Start of COLLECTED MATERIAL

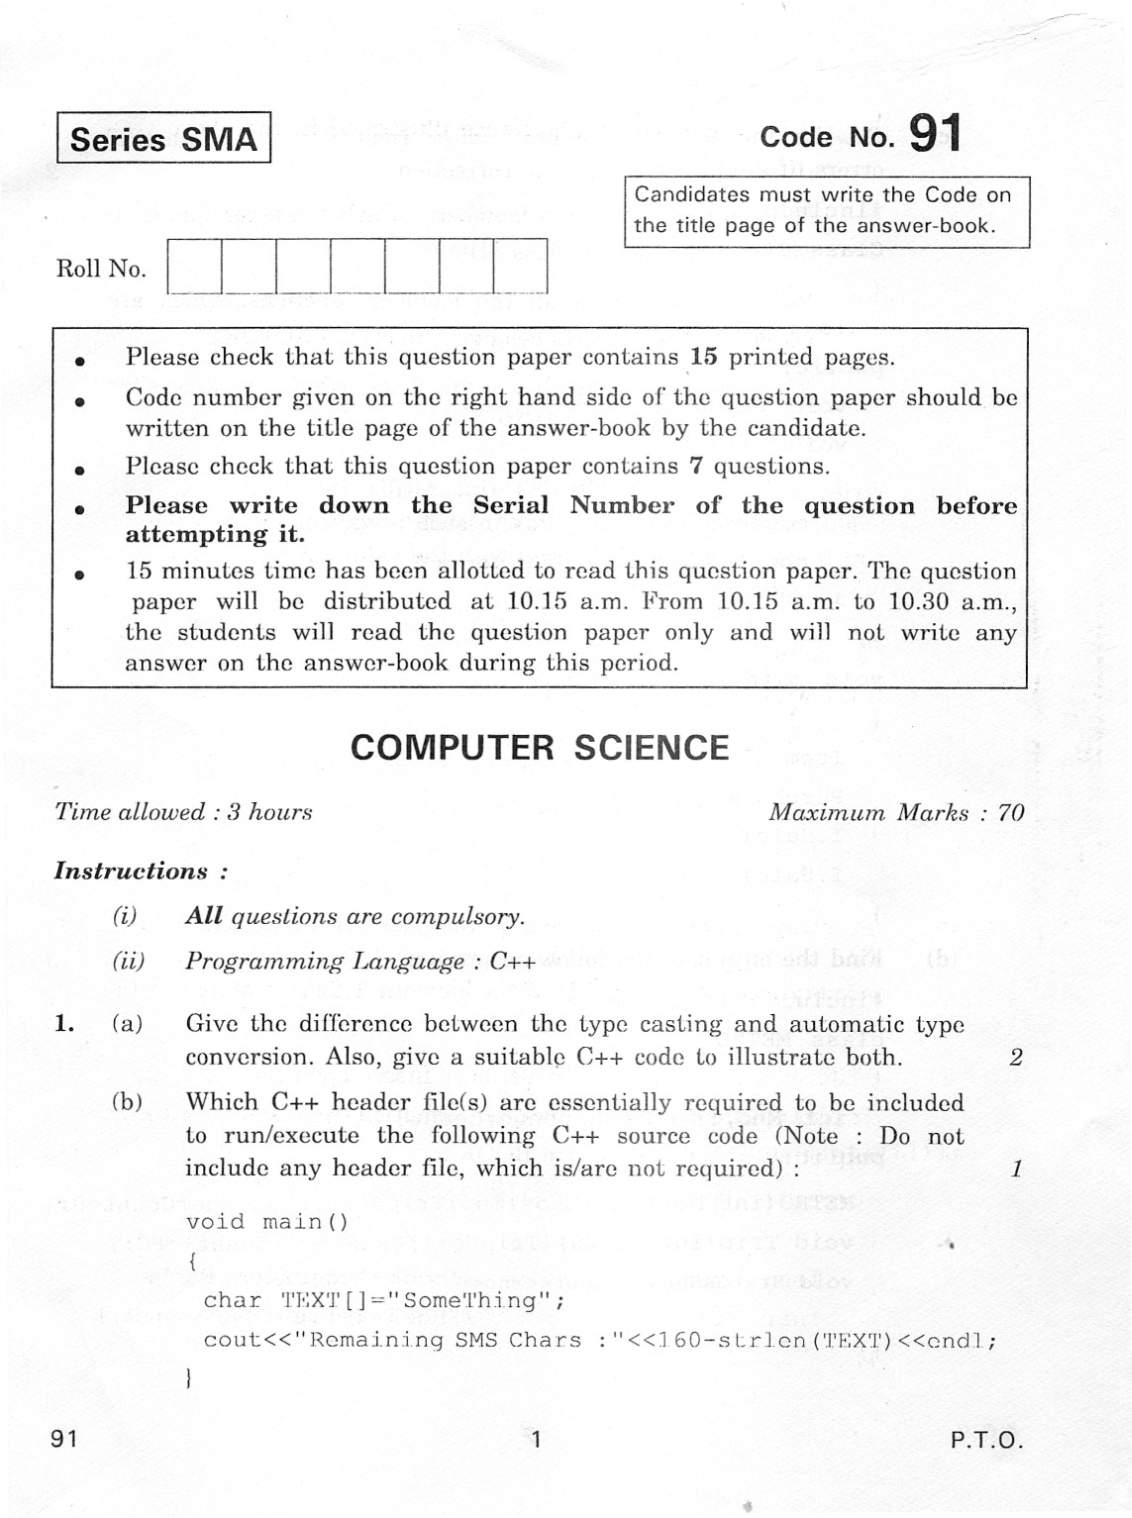 research paper related to computer science
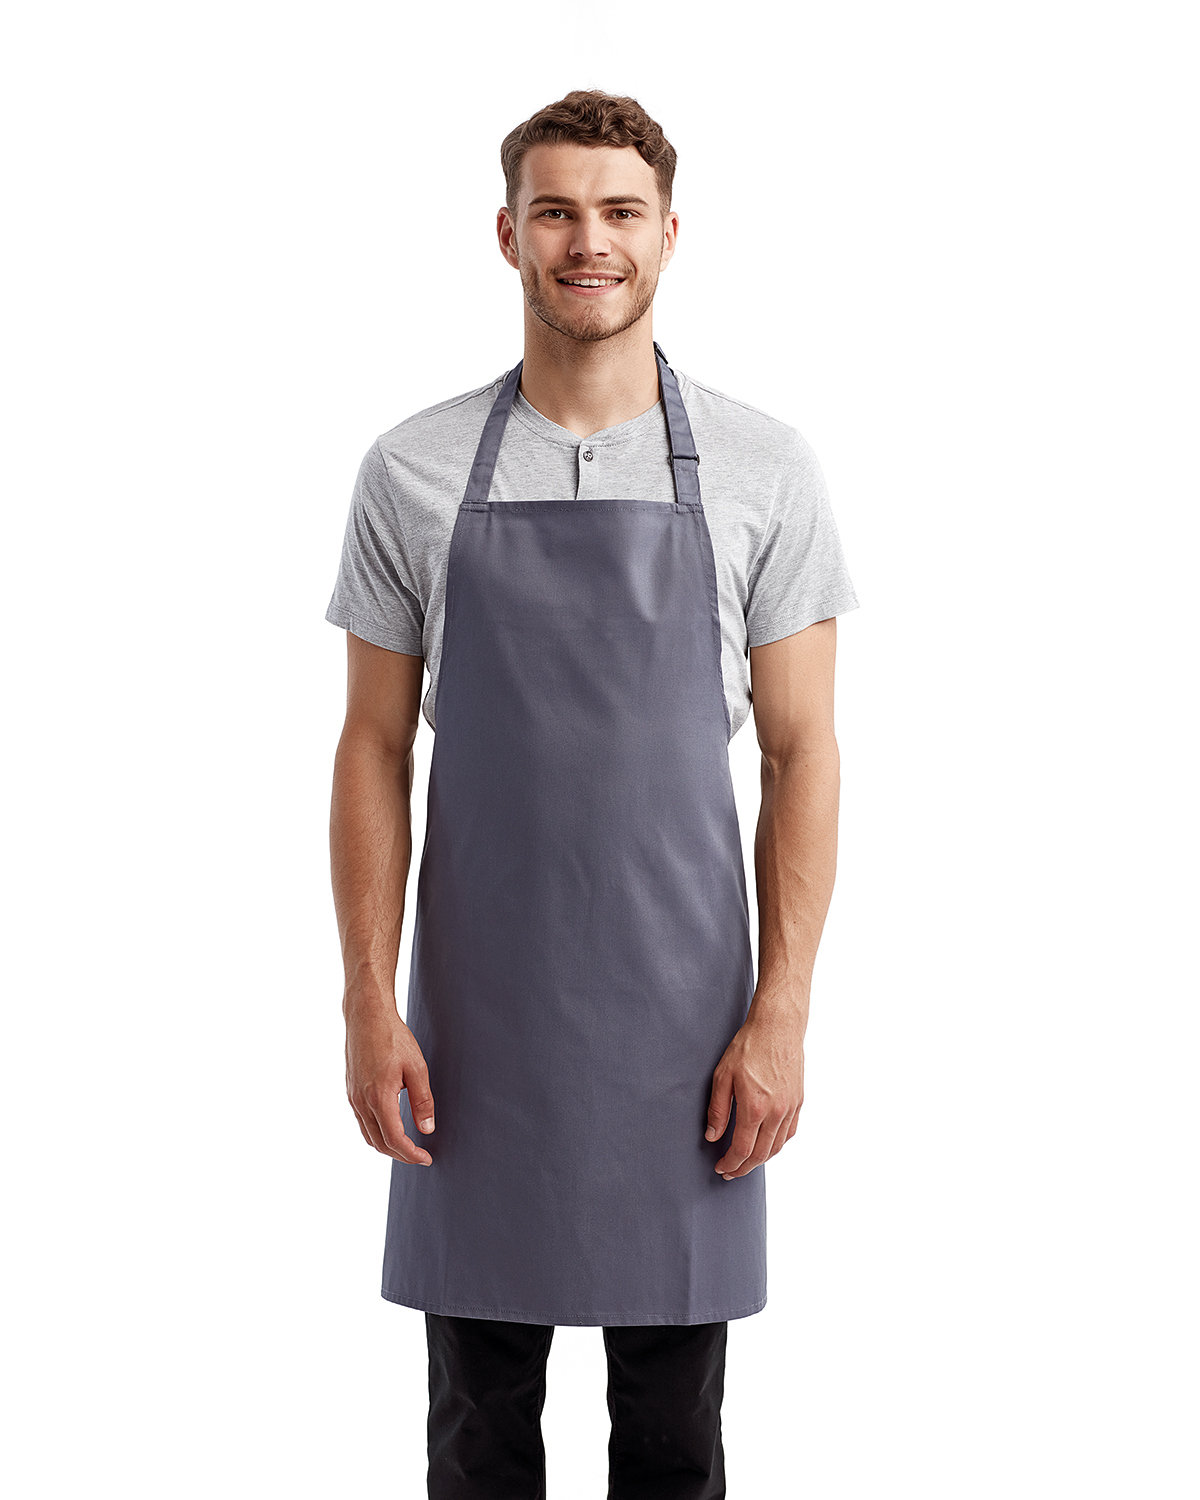 Artisan Collection by Reprime "Colours" Sustainable Bib Apron STEEL 
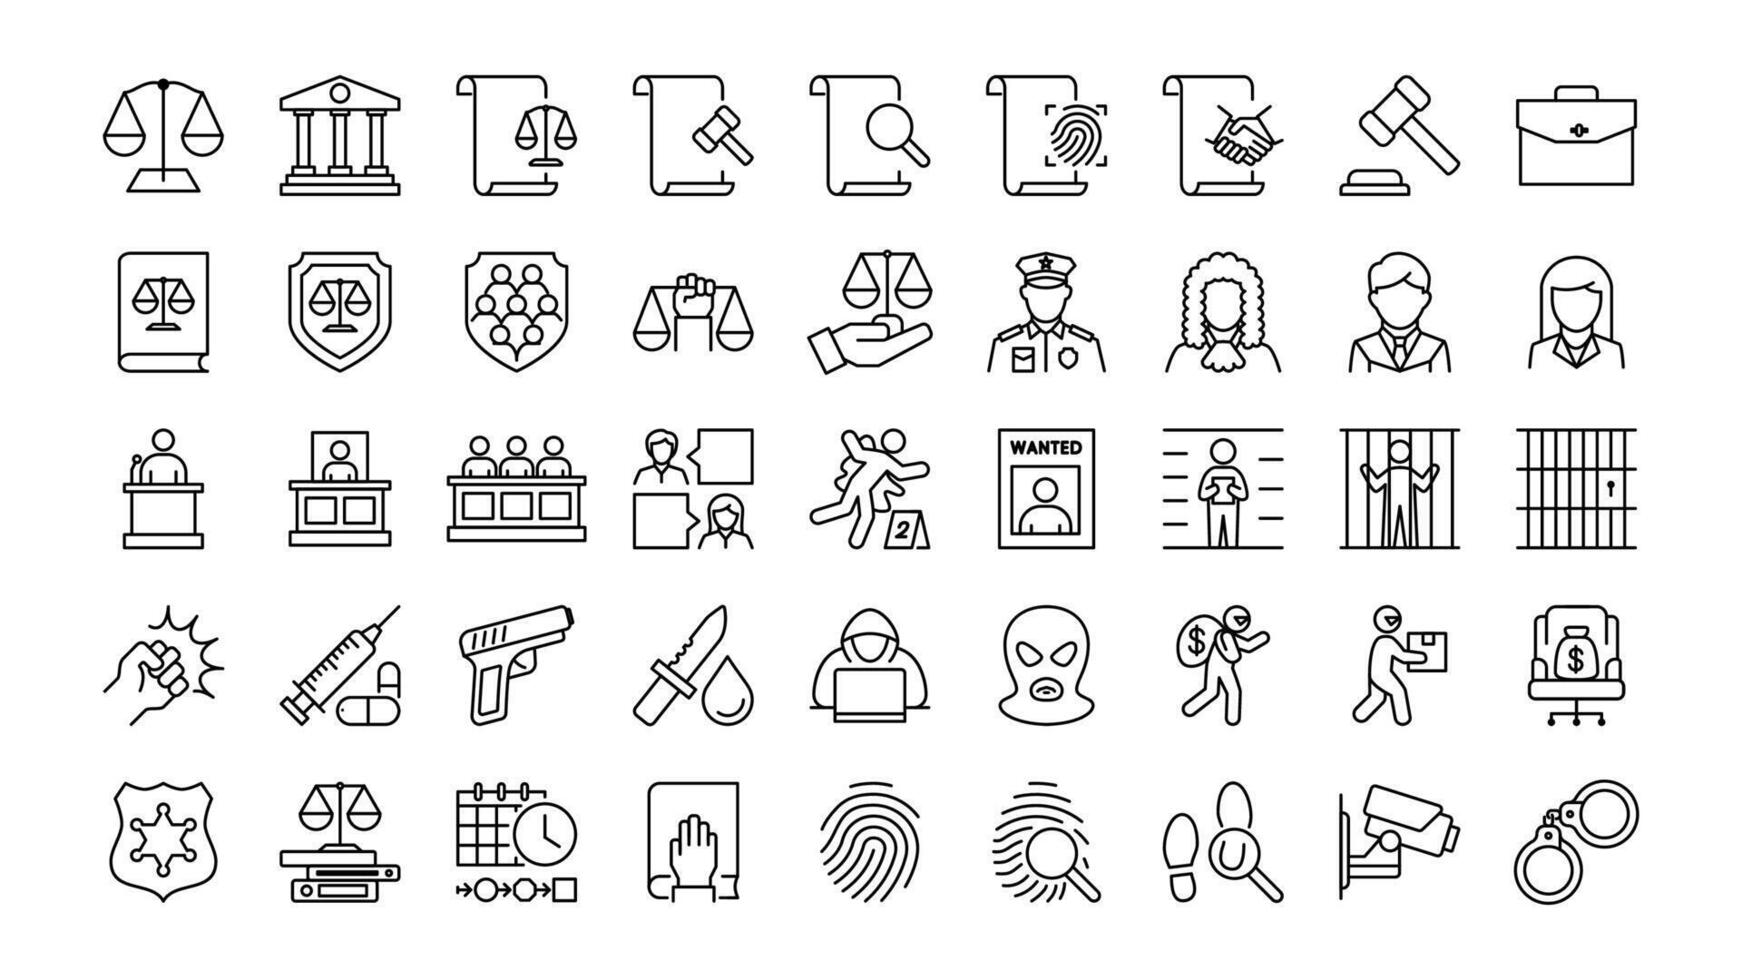 Law and Justice line icons set. Includes Court, Inspector, Lawyer, Guilty, Arrest, and More. vector

End of COLLECTED MATERIAL

§ **ACTION ITEM**: Print all of the material exactly. Omit pictures.

§ **RESPONSE AREA**:
 research paper related to computer science
 Artisan Collection by Reprime "Colours" Sustainable Bib Apron STEEL 
 Law and Justice line icons set. Includes Court, Inspector, Lawyer, Guilty, Arrest, and More. vector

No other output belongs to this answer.